İktidarın güç kaybederek zayıflaması, daha sertleşmesi ve dağıtıcı olmasına yol açarken parti kapatmak da içinde her ihtimali de hazırda tutuyor. Bunun bizim gibiler açısından anlamıysa direniş ve seçim sürecinin iç içe geçmesidir
Nesrin Aslan*
Anlaşılan o ki seçim sürecine girmişiz. Artık erken de zamanında da olsa kalan süre açısından aylarla ifade edilecek zamandayız. Önemsiz seçim zaten görmedik de bu da en önemlisi olacak gibi görünüyor. Demokratik ülkelerde güvenliğiyle, katılımın hatta sayımın kolaylaştırılmasıyla devletin güvenli kurumlarının hallettiği bütün işler kucağımızda olacak. Her an uyanık olmamız, can güvenliği başta her türlü ihtimale hazır olmamız da şart. ‘Bu da değişmesi için oy kullanacağımız gerçeğimiz’ diyerek doğru oy kullanmaya teşvik çağrılarımızı yapma aşamasındayız.

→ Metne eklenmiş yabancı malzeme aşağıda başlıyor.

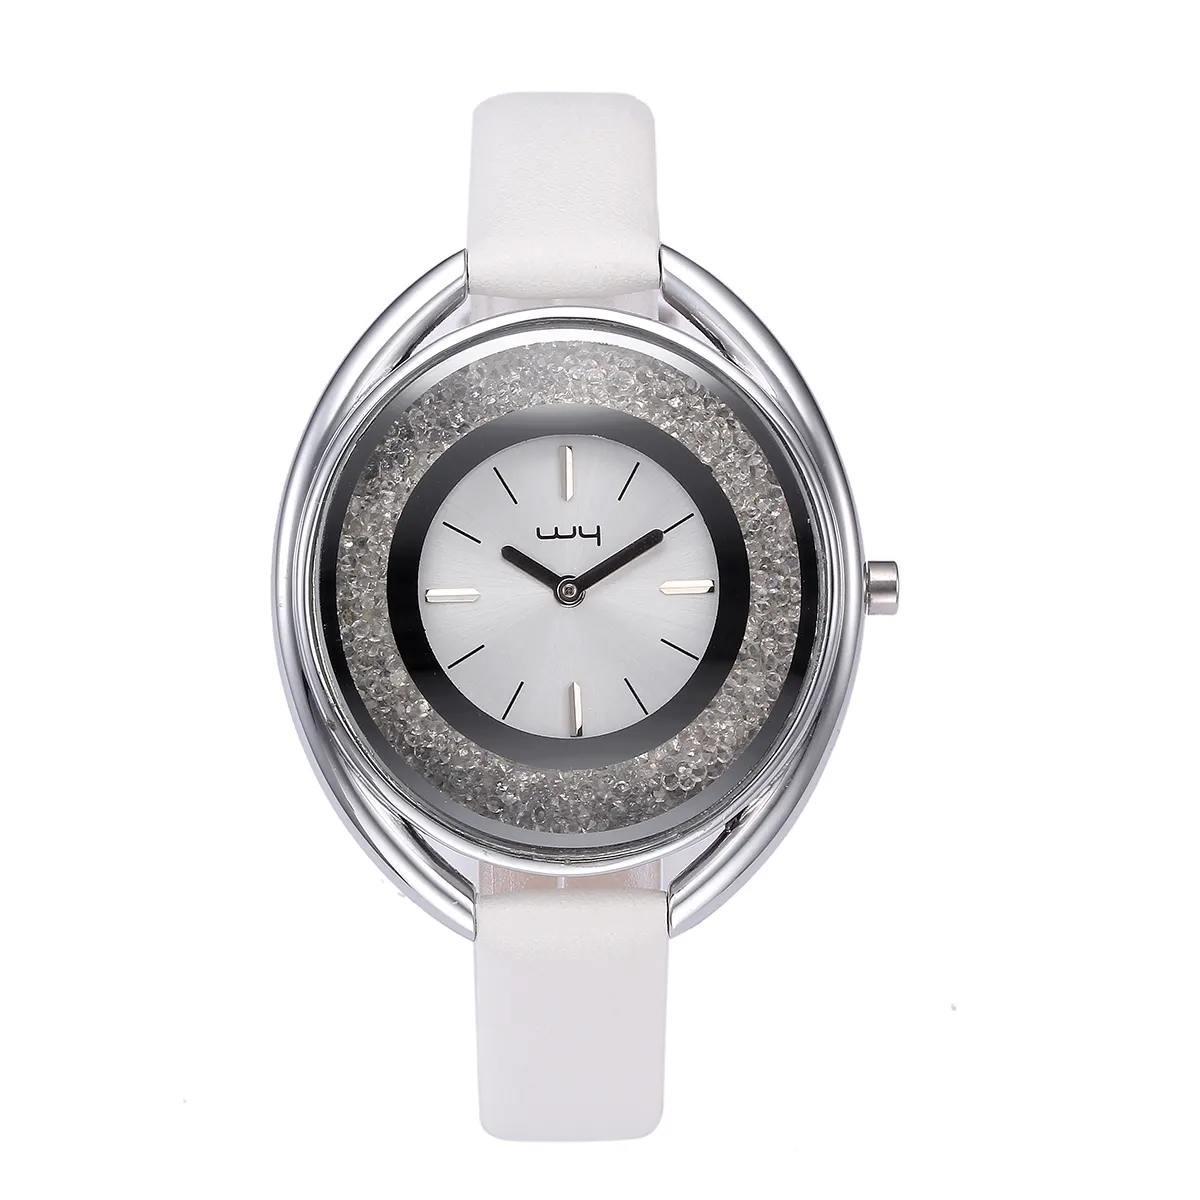 WY-065 часы RAYMONS с овальным лицом, белые Наручные часы reloj montre, женские кварцевые часы с Джем-танганом
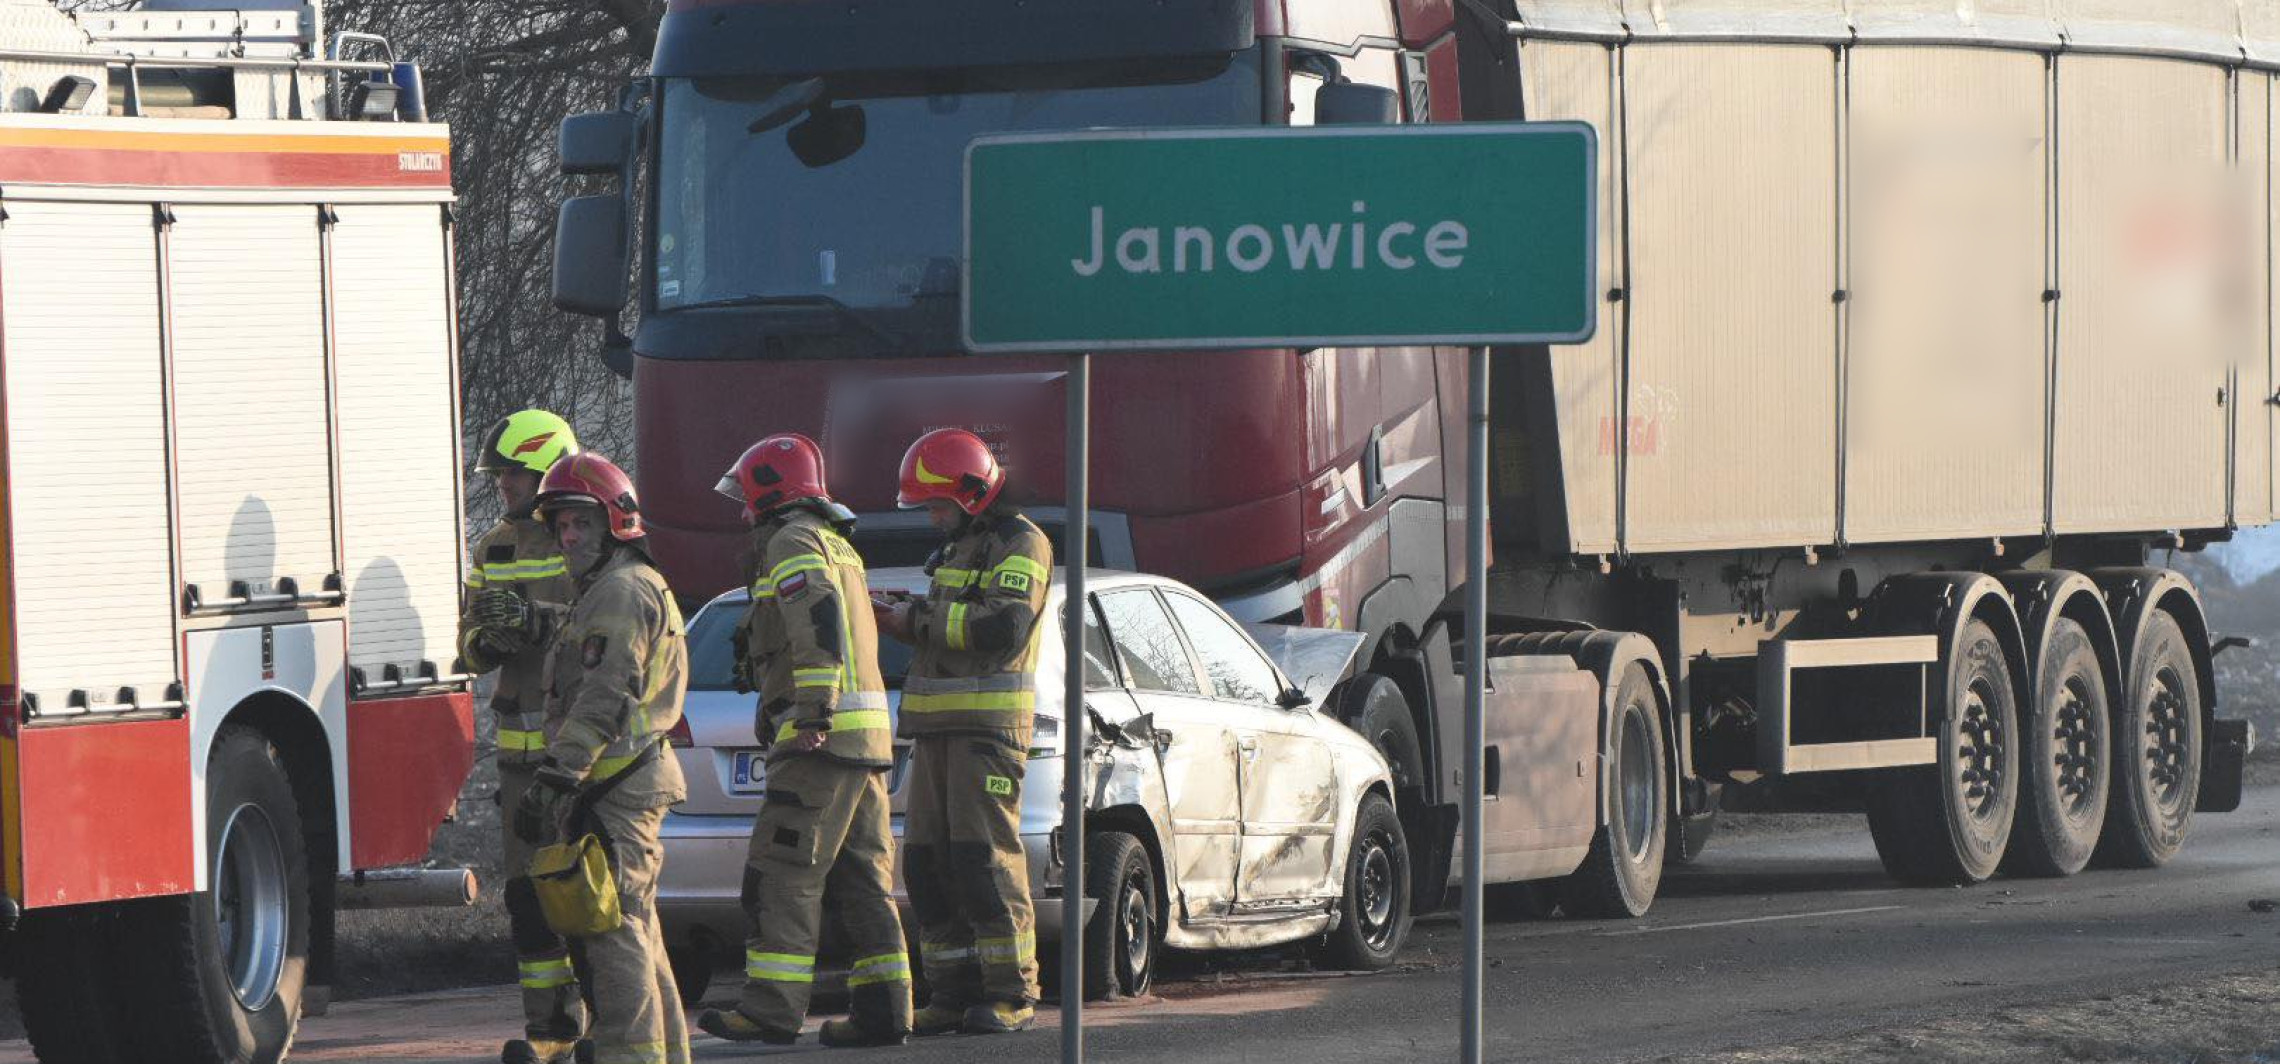 Inowrocław - Wypadek w Janowicach. Kierowca auta jest poszkodowany
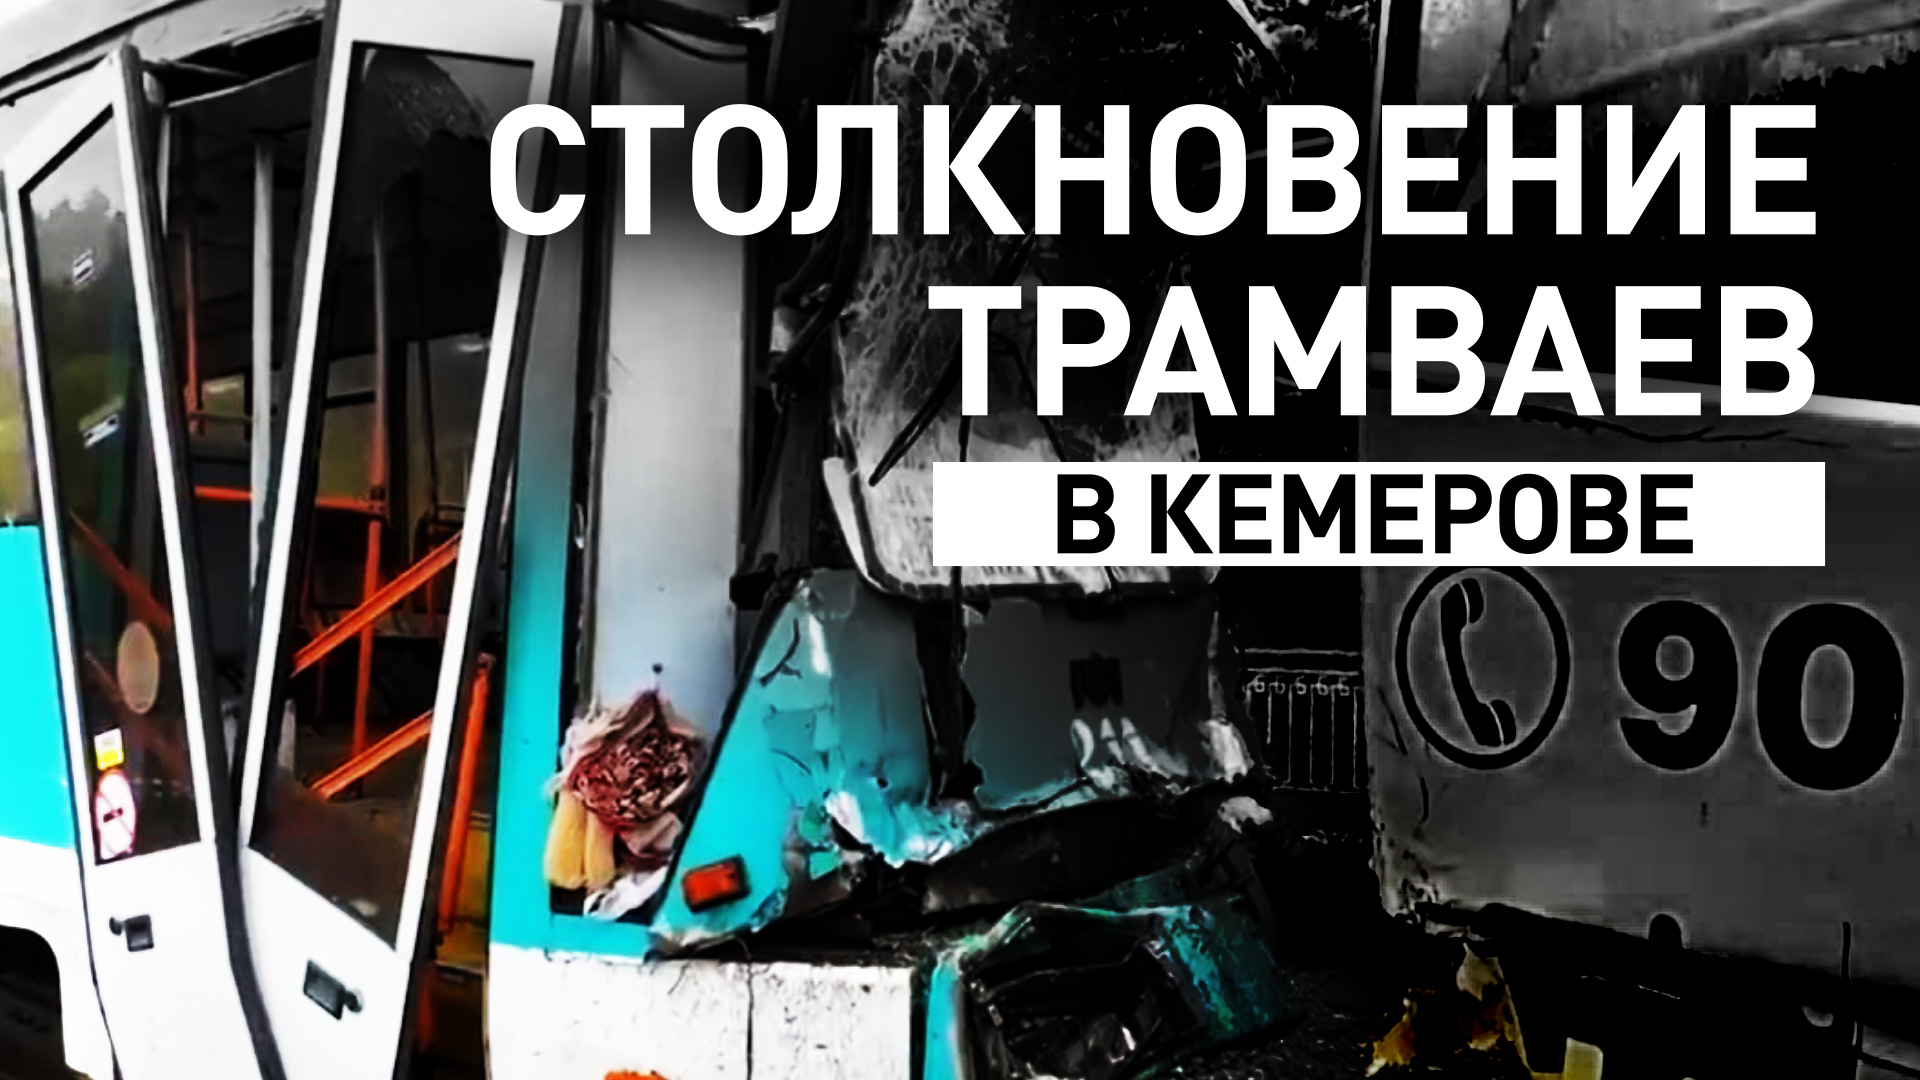 Более 100 человек пострадали в Кемерове из-за столкновения трамваев

Bense tarihi öneminin farkında ve gereği için hazır olsam da ‘Şu örgütsel sorunumuzu çözseydik, bu ortak akıl konusunda yol alsaydık’ gibi detaylara çok aldırmamaya çalışıyorum. Nasıl olsa zamanı gelecek olan halledeceğimiz işler. Şimdiyse en örgütlü şekilde seçime odaklanmış olmak için düğmeye basma zamanı. Partimizin özüyle, sözüyle bir ‘Türkiye Partisi’ renkliliği ve çeşitliliğiyle umut olacağı, kapsayıcı olacağı şekilde çalışma zamanındayız.
Eskilerden çok önemli farkı yana yakıla oyumuzu nasıl kullanacağımız gibi bir derdimiz yok. Seçim mutabakatı, ittifakı gibi konularda ilkesel bir dik duruşumuz var. Arayanın bulacağı partimiz HDP var. Şimdi yine genel seçim ve başkanlık seçimine gidiyoruz. İlkinde partimiz için çalışırken ikincisinde gelişme ve durum gereği karar almamız gerekeceğini de biliyoruz. Değiştirmenin yolu, usul gereği böyle bir güzergah izleyecek. Sonuçlarına gelirsek henüz giden de gelen de belli değilken büyük laflar etmek akıllıca olmayacağı için şimdilik kimse için çantada keklik değil diyelim.
Bize gelince, milat gibi öncesi ve sonrası olacak bu önemli seçimin oyumuzu arttıracak tarihi bir seçim olacağını iddia edersem yanlış olmaz gibi. Partiler mutabakatıyla yetinmeden kadın, ekoloji, emek gibi hep direnişte olan mücadele alanlarının da içinde ve öznelerinden olacağımız bir seçim çalışması örgütler, herkesin kendi meşrebince isyanı ve katkısını da kapsayarak çalışırsak daha hakiki bir çalışma olur ve değiştiririz.
Örneğin mücadele alanlarının ellerindeki devlet imzalı uluslararası sözleşmeleri içerecek sözümüz bir meşruiyet de kazandıracaktır. Meşruiyet konusunu da atlamadan planlarsak, kapsayıcılık ve umudu da geliştirmiş, büyütmüş oluruz. Sonrası için de gelecek tasarımı ve ortak akıl bakımından zenginlik olur.
İktidarın güç kaybederek zayıflaması, daha sertleşmesi ve dağıtıcı olmasına yol açarken parti kapatmak da içinde her ihtimali de hazırda tutuyor. Bunun bizim gibiler açısından anlamıysa direniş ve seçim sürecinin iç içe geçmesidir. Yani kısaca partimizi kapattırmamak, öyle bile olsa seçimlerin dışında kalmamak için akıl geliştirmek, gereği için yol bulmak, çaba göstermek gerekiyor.
Bu yoğunluğun içinde seçim sonrasını güvenle bırakacağımız bir muhalefetin olmadığı da çok açık. Bu nedenle mücadele birikimimizle, konusunun uzmanı olan arkadaşlarımızın, dostlarımızın üretkenliğiyle, aklımızın ve sözümüzün gücüyle aktif ve dominant olmamız gerektiğinin de bilincindeyiz. En zor çözülecek gibi görünen sorunlara ilişkin de kimi hazır, kimi hazırlanan yanıtlarımız var. O bakımdan çok daha iyi durumda olduğumuzdan da eminim.
Davetleri kavgaysa en önemli silahın akıl olduğunu da görürler. -Bu da benim sözüm olsun.-
Biz hiç unutmayalım ki, artık değiştirme zamanı.